Oil price will drop, says BP

October 27, 2004

After months of soaring crude oil prices, BP, the world’s second-biggest oil company, has reported a 43 per cent rise in third-quarter profit and forecast that prices will stay above $US30 a barrel, and possibly higher, for years to come.

But in a first from one of the oil majors, BP also talked down the prospect of oil prices remaining at record levels in the longer term. “I think it is not helpful for the world to believe that we are running out of oil, which we are not,” the group’s chief executive, John Browne, said.

“It seems that on the basis of the recent track record and the supply-demand balance, oil prices have a support level of around $US30 a barrel for at least the medium term, underpinned by OPEC discipline and their needs for revenue,” he said.

“Prices could spike above this level if demand strength outpaces the rate at which additional production capacity comes on stream each year.”

But he added that, as far as BP was concerned, it would continue to use a Brent oil price of $US20 a barrel for the purposes of planning its activity levels in the exploration and production sector.

Apart from anything else, that would ensure a portfolio of activities with strong returns. “For the BP Group, a planning assumption of $US20 a barrel remains the way to judge the balance between the amount of cash used for investment and that returned to our shareholders,” Lord Browne said.

BP is the first of the oil giants to report quarterly results since oil hit record highs in excess of $US55 a barrel. While its income grew, however, the company has increased its estimate of its spending next year on major capital projects such as oil rigs by about $US1 billion ($A1.34 billion) to $US14 billion , raising some doubts among analysts about its ability to please investors with continued high levels of share buybacks and dividends. The company’s stock retreated 1.2 per cent, to 531 pence ($A13).

BP announced that its pro forma profit rose to $US3.94 billion in the third quarter from $US2.76 billion in the period a year ago. What it calls its replacement-cost profit rose $US3.46 billion in the quarter from $US2.26 billion a year ago. Sales increased by a quarter, to $US73.8 billion, from $US59 billion, the company said.

Some analysts argued that the profits should have been much higher in light of the surge in oil prices, which have risen almost 70 per cent this year.

But the company acknowledged that capital expenditure, now expected to be in the region of $US14 billion this year and next, was higher than previously forecast.

“What they have gained on oil prices has been offset by expenditure,” said Richard Griffith, an analyst with brokerage Williams de Broe, which rates BP stock a “buy”.

“It is pointing to what you might expect in two, three, four years’ time when this investment is producing results.”

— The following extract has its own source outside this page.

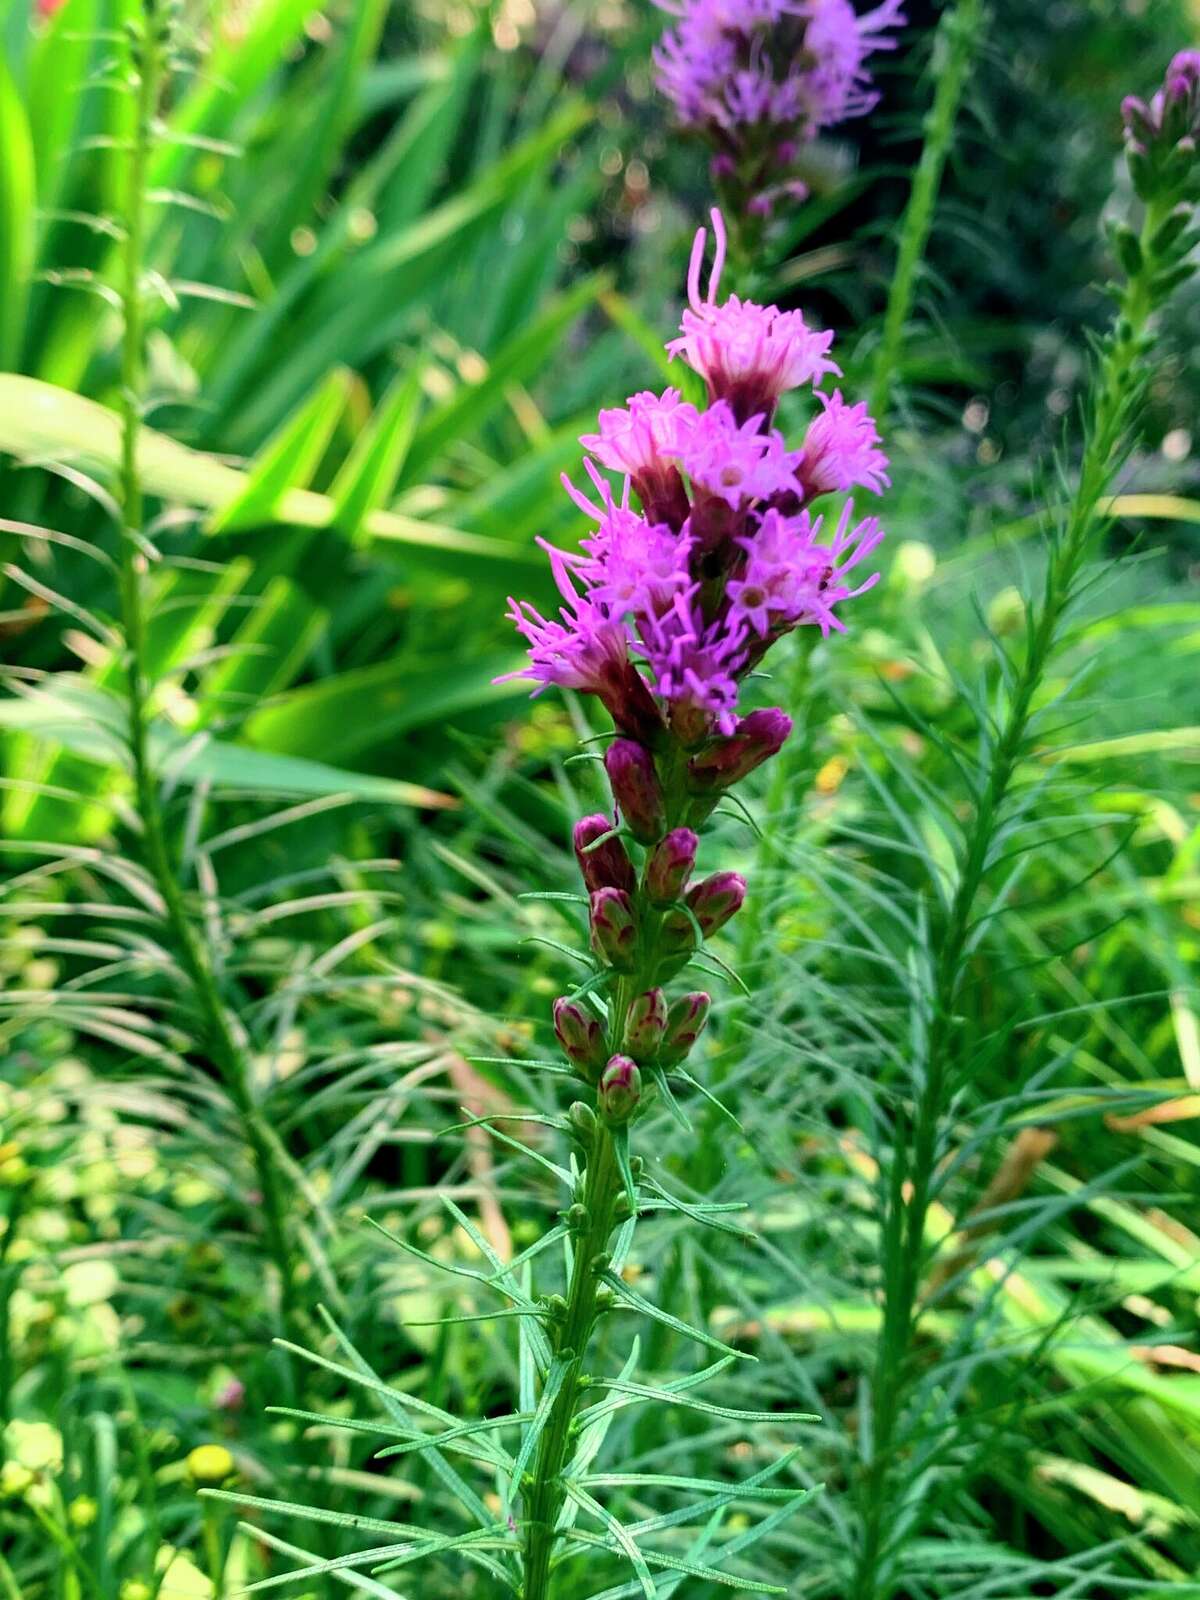 Liatris spicata, commonly called blazing star or gay feather, is a recommended alternative for invasive purple loosestrife.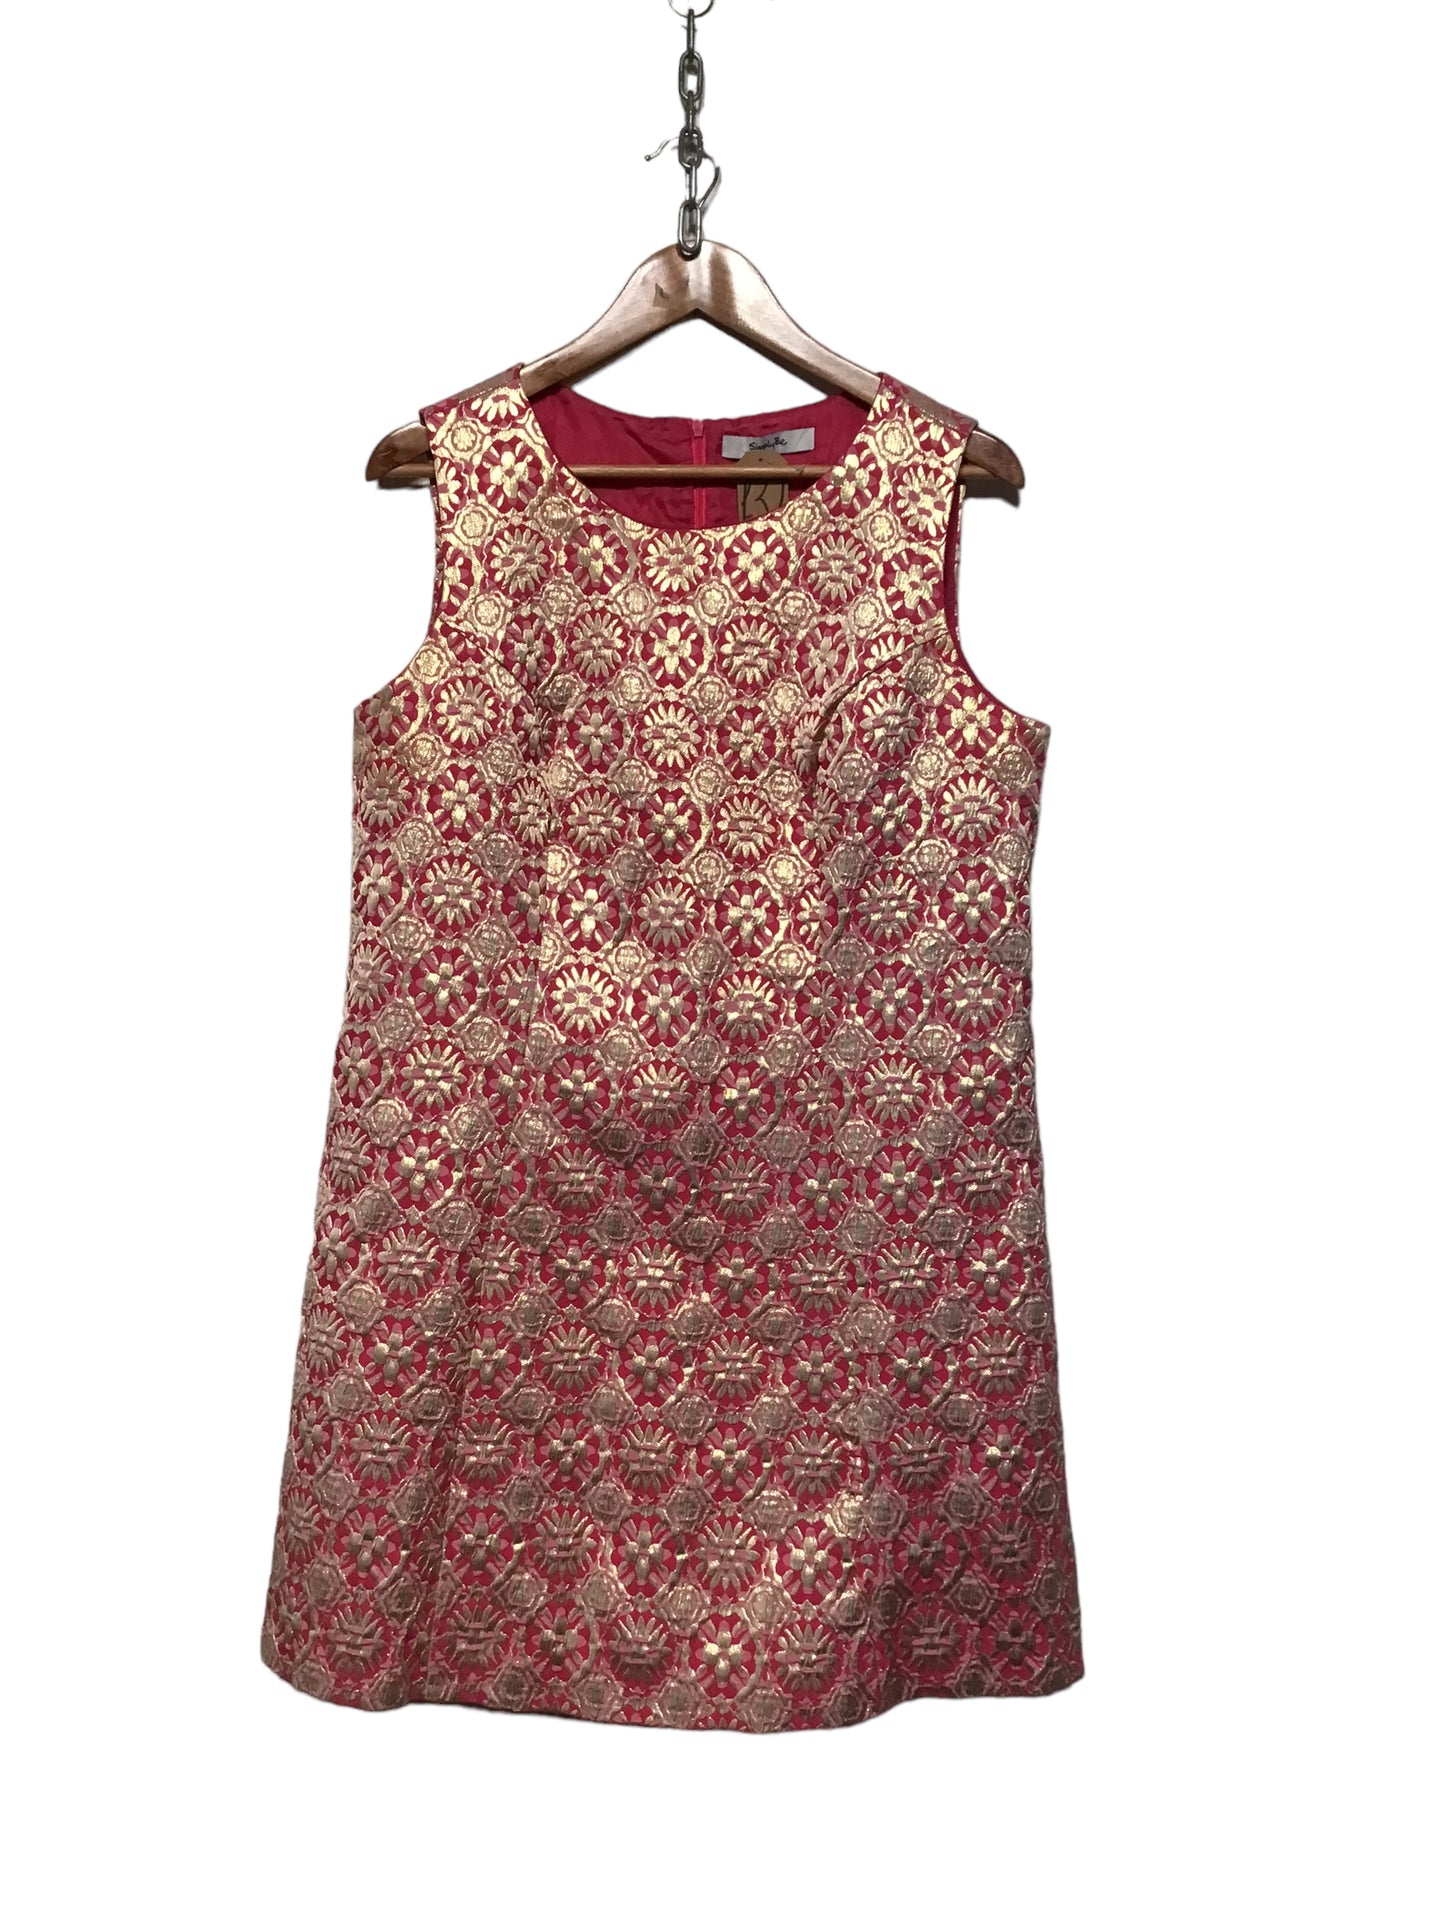 SimplyBe Embroidered Dress (Size XXL)

BP executives said the increase in capital spending was due to a variety of factors, including higher prices for steel used in building oil industry equipment and a weak dollar.

Lord Browne said the company was “on track” to achieve three targets it had set for shareholders, including increased dividends and “to distribute to shareholders 100 per cent of all free cash flows in excess of investment and dividend needs, generally when the price of oil is above $US20 per barrel”.

BP said exceptional costs grew by some $US400 million in the third quarter, partly as a result of a fire at an oil rig in Egypt and production shutdowns caused by Hurricane Ivan at BP installations in the Gulf of Mexico.